Em 1966, aos 15 anos, João Bittar foi à porta da Editora Abril, em São Paulo, pleitear uma vaga de jornalista. Recebeu um belo não, mas garantiu uma ocupação de office-boy no departamento de fotografia da empresa. Era louco por reportagens e, desde os 10 anos, estava convencido de que escrever seria seu destino. Mas o acaso tiraria as palavras do caminho e Bittar escreveria uma trajetória singular no fotojornalismo brasileiro.
Transformação que teve início com a descoberta de um universo fascinante e de outras possibilidades narrativas ao manipular imagens de profissionais da Abril e de agências de notícia estrangeiras, como assistente do laboratório fotográfico da editora.
Aos 17 anos, Bittar já empunhava a primeira câmera profissional. Influenciado pelas lições de mestres, como Eugène Atget e Henri Cartier-Bresson, flanava pela cidade em busca de imagens. Foi quando vieram as primeiras pautas profissionais nos jornais Diário de S.Paulo e Última Hora, nas revistas Placar, Quatro Rodas e Veja, onde teve sua primeira ocupação fixa. Nos anos 1970, ele integrou a equipe da revista Exame, colaborou com publicações da Costa Rica e do México, países onde morou, e viveu também um período em Recife, onde trabalhou para as editoras Bloch, Abril, o jornal O Estado de S.Paulo, e também clicou para veículos da imprensa nanica, como os jornais Movimento e Opinião, que faziam oposição ao regime militar.

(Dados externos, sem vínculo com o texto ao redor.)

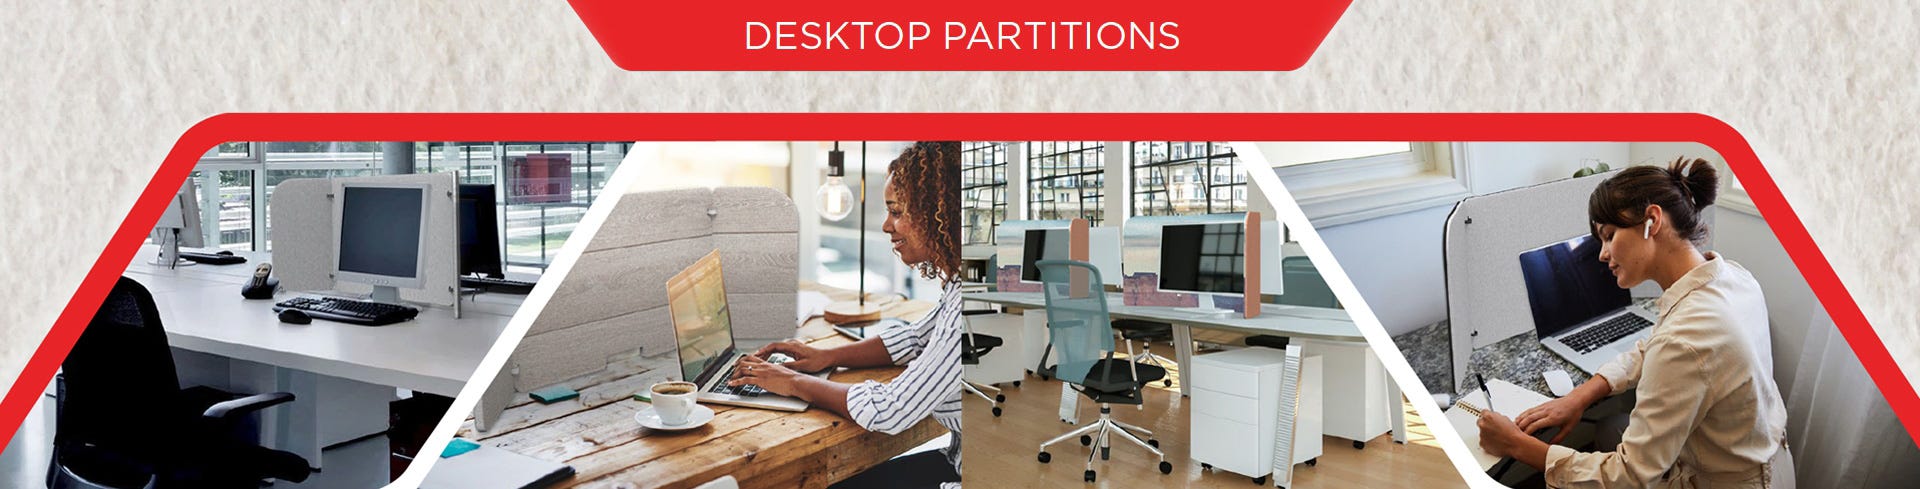 Desktop partitions

Em 1977, Bittar integrou, ao lado do também fotógrafo Hélio Campos Mello, a equipe inaugural da revista IstoÉ, fundada pelo jornalista Mino Carta. Bittar e Campos Mello cobriram para a IstoÉ as greves do ABC paulista, pólvora na fogueira que exigia a reabertura política no País. Dois anos mais tarde, na Convenção Nacional dos Metalúrgicos, em Poços de Caldas (MG), Bittar flagrou o então líder sindical e ex-presidente Lula de barriga despida, apontando o indicador direito para o umbigo.
A foto permaneceu inédita por quase 30 anos e tornou-se uma das mais emblemáticas imagens de Lula. Sobre ela e o ofício de fotojornalista, Bittar depôs no documentário João Bittar – Fotojornalismo com Caráter, uma homenagem do amigo Egberto Nogueira (fundador da Imã Foto Galeria, vitrine de dezenas de fotógrafos e uma importante escola de São Paulo, onde Bittar foi um dos mais disputados professores): “Para se fotografar bem, fazer bom fotojornalismo, é preciso ter perspectiva histórica, intenção de documentação, conhecer a si mesmo e saber bem o que você quer. Ver algumas fotos, depois de tanto tempo, é muito bom, torna tudo mais real. Existem fotos, como essa do Lula – certamente, a mais importante que fiz – que precisam de 30 anos ou até mais para serem divulgadas”.
Nos anos 1980, inspirado na mítica Magnum, de Robert Capa, Cartier-Bresson, George Rodger e David Seymour, Bittar fundou a Agência Angular, um marco na produção autoral de conteúdo fotojornalístico no País. Na década seguinte, em 1994, convidado para ser editor de fotografia da Folha de S.Paulo, implementou processos digitais para a produção fotográfica do jornal, antecipando uma revolução no fazer e publicar fotografia. Caminhos perseguidos com pioneirismo por ele e que se tornaram irremediáveis para todos os veículos de imprensa, na virada do século.
Bittar, que recentemente teve uma exposição em sua homenagem no Espaço Cultural Conjunto Nacional, em São Paulo (onde foi exibido pela primeira vez o documentário de Nogueira, disponível no YouTube), deixou mulher, a também fotógrafa Heloisa Ballarini, e três filhos, Marina, 30 anos, André, 23, e Thays, 21.
Sobre a importância de João Bittar – um obcecado por rock’n’roll e pela arte de documentar a história –, Campos Mello, hoje diretor de redação da Brasileiros, sintetizou: “No final dos anos 1970, João, com caráter, lente grande angular e Rolling Stones, ajudou a empurrar o fotojornalismo brasileiro para fora do porão, para longe do mal humor e da burrice da subserviência. Fez e registrou história, mas foi embora cedo, muito cedo”.